Relaxation consistently deviates from an ME decay in DCM resulting in instability and amplified relaxation systolic load or drug dependence of ME-based indexes in failing versus control (or HCM) hearts. The hybrid-logistic method improves quantitative analyses by providing more consistent data fits with all three heart types.

摘要

目的

我们对比了评估心室压力衰减时间常数的各种方法,以测试心力衰竭是否会系统性地改变对轻微数据不稳定性或模型假设与实际衰减之间差异的敏感性。我们假设这种差异可能导致对负荷和药物刺激的舒张敏感性明显增加。

背景

心力衰竭可能会加剧舒张行为与模型假设波形的偏差,增强常用指标的不稳定性以及明显的负荷和药物敏感性。

方法

在正常心脏(n = 14)、肥厚型(肥厚型心肌病 [HCM],n = 15)和扩张型肌病(扩张型心肌病 [DCM],n = 37)患者中,在降低前负荷或进行变力刺激之前及期间测量压力-容积关系。
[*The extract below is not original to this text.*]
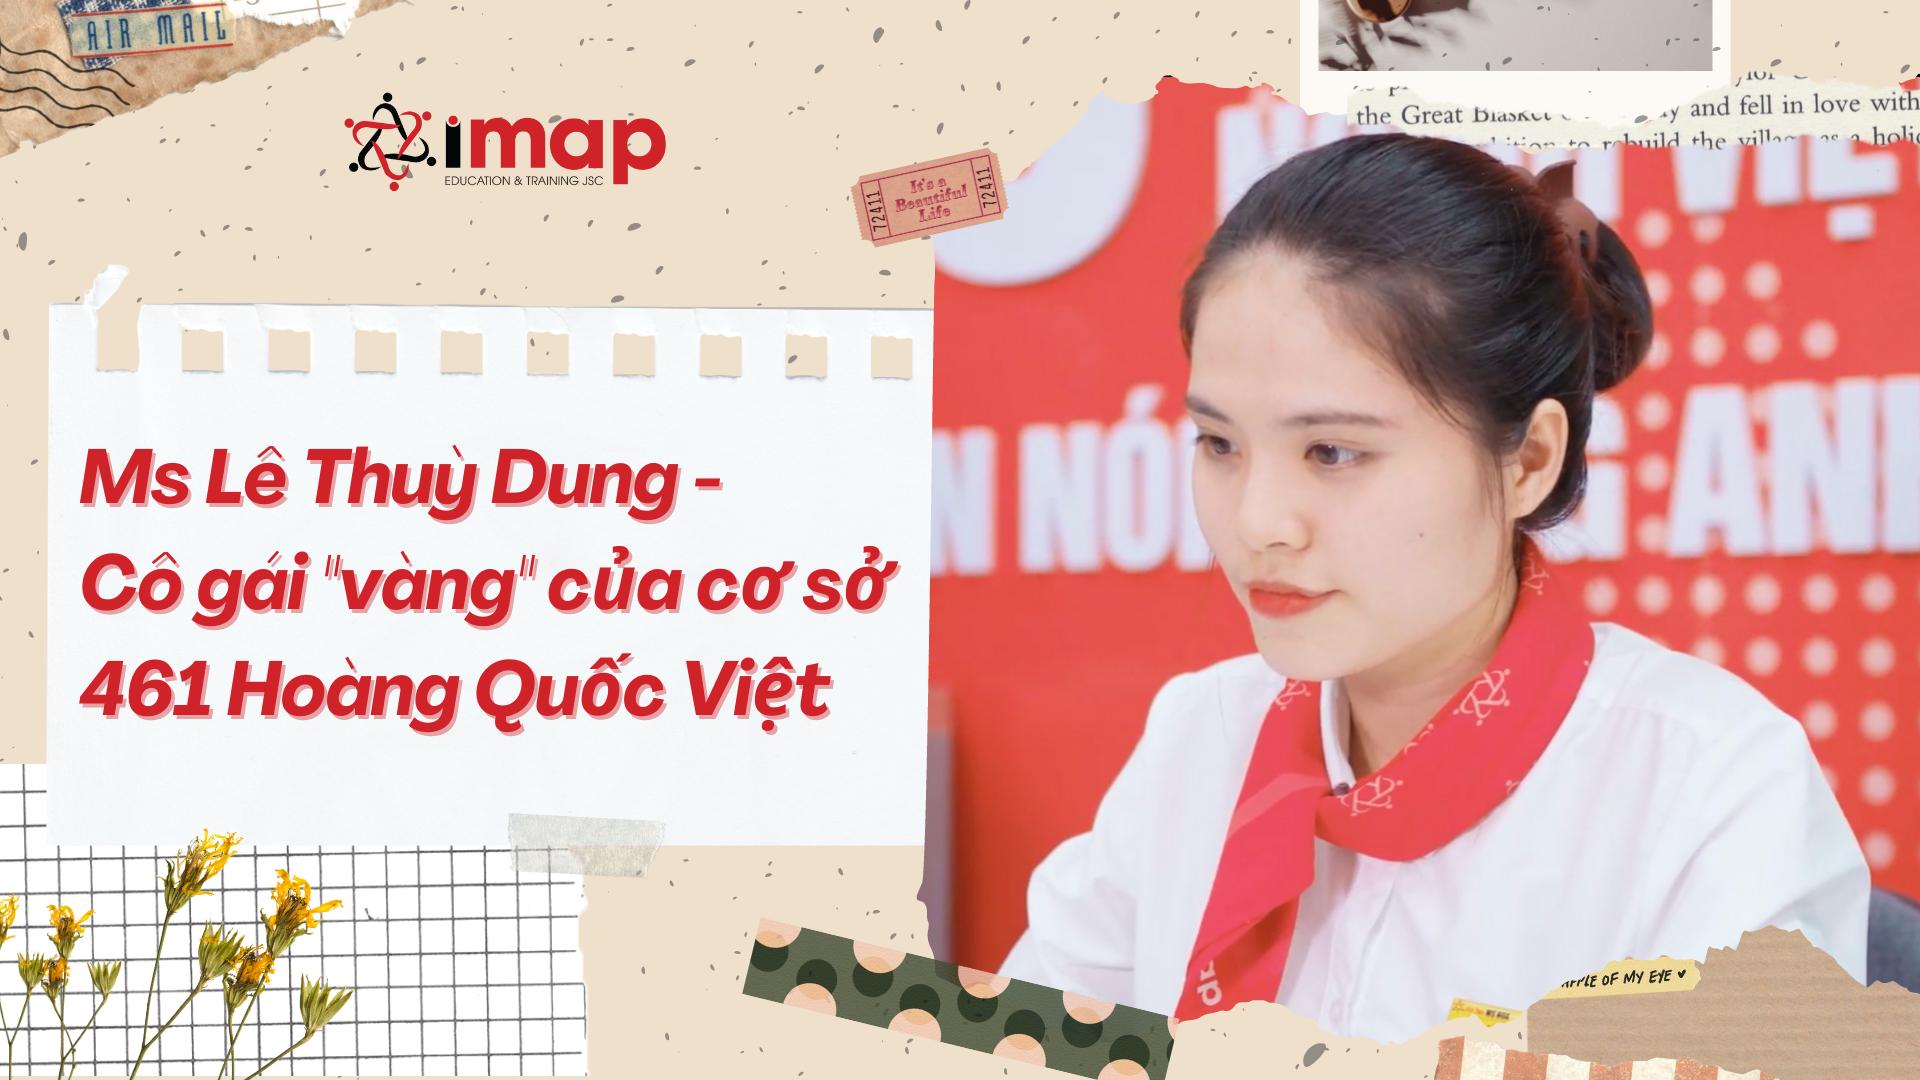 Ms Lê Thuỳ Dung - Cô gái

对比了舒张参数(假设零T(in) 或非零T(D)、T(F) 渐近线的单指数 [ME] 模型、混合逻辑T(L)、线性T(LR) 和压力半衰期T(1/2))对轻微数据范围操纵以及负荷或药物变化的敏感性。

结果

在DCM中,仅删除1 - 2个数据点会使T(D) 和T(F) 延长15%至25%(p < 0.0001),而这对对照组或HCM的影响极小。这源于DCM中舒张与ME衰减的系统性偏差。T(1/2) 和T(in) 对纯压力偏移高度敏感,而T(L) 在所有心脏中对两种操纵最为稳定。结果,在DCM中,T(D) 和T(F) 对收缩期负荷的敏感性似乎比T(1/2) 或T(L)高得多,并且对环磷酸腺苷 (cAMP) 增加的敏感性不成比例。

结论

在DCM中,舒张持续偏离ME衰减,导致衰竭心脏与对照(或HCM)心脏相比,基于ME的指标出现不稳定性以及舒张期收缩期负荷或药物依赖性增强。混合逻辑方法通过为所有三种心脏类型提供更一致的数据拟合来改善定量分析。